The JDBC type 3 driver, also known as the Pure Java driver for database middleware, is a database driver implementation which makes use of a middle tier between the calling program and the database. The middle-tier (application server) converts JDBC calls directly or indirectly into a vendor-specific database protocol.

This differs from the type 4 driver in that the protocol conversion logic resides not at the client, but in the middle-tier. Like type 4 drivers, the type 3 driver is written entirely in Java.

The same client-side JDBC driver may be used for multiple databases. It depends on the number of databases the middleware has been configured to support. The type 3 driver is platform-independent as the platform-related differences are taken care of by the middleware.
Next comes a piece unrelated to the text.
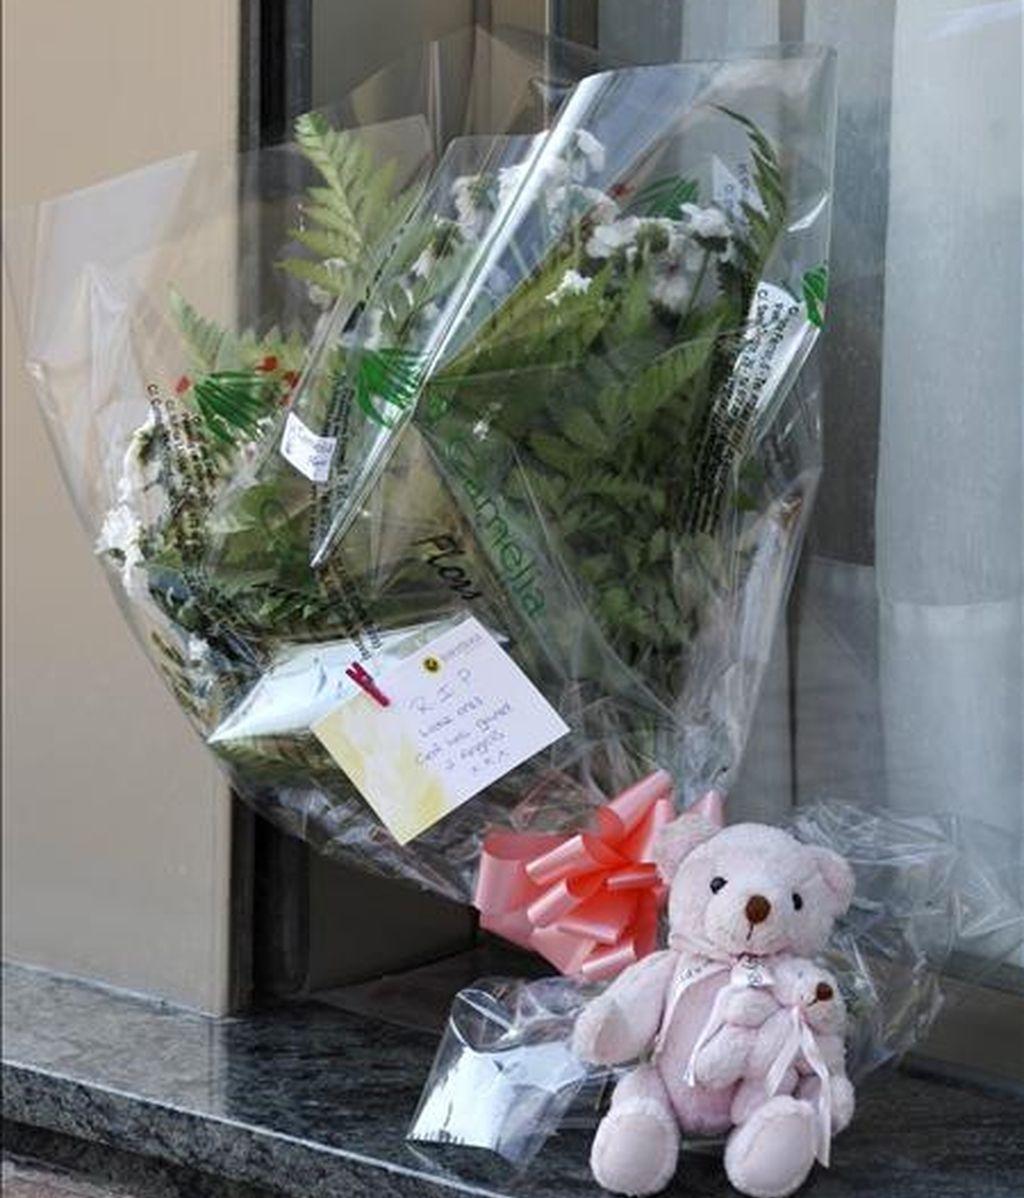 Flores y un peluche dejados ante la puerta del hotel Miramar de Lloret de Mar( Girona), donde ayer fueron asesinados dos menores presuntamente por su madre en Lloret de Mar (Girona), que al parecer eran hijos del pederasta británico más buscado, Martin Anthony S., que supuestamente había abusado sexualmente de una hija que la parricida había tenido de una relación anterior. EFE

Also, making use of the middleware provides additional advantages of security and firewall access.

===Functions===
- Sends JDBC API calls to a middle-tier net server that translates the calls into the DBMS-specific network protocol. The translated calls are then sent to a particular DBMS.
- Follows a three-tier communication approach.
- Can interface to multiple databases – Not vendor specific.
- The JDBC Client driver written in java, communicates with a middleware-net-server using a database independent protocol, and then this net server translates this request into database commands for that database.
- Thus the client driver to middleware communication is database independent.

===Advantages===
- Since the communication between client and the middleware server is database independent, there is no need for the database vendor library on the client. The client need not be changed for a new database.
- The middleware server (which can be a full-fledged J2EE Application server) can provide typical middleware services like caching (of connections, query results, etc.), load balancing, logging, and auditing.
- A single driver can handle any database, provided the middleware supports it.
- E.g.: IDA Server

===Disadvantages===
- Requires database-specific coding to be done in the middle tier.
- The middleware layer added may result in additional latency, but is typically overcome by using better middleware services.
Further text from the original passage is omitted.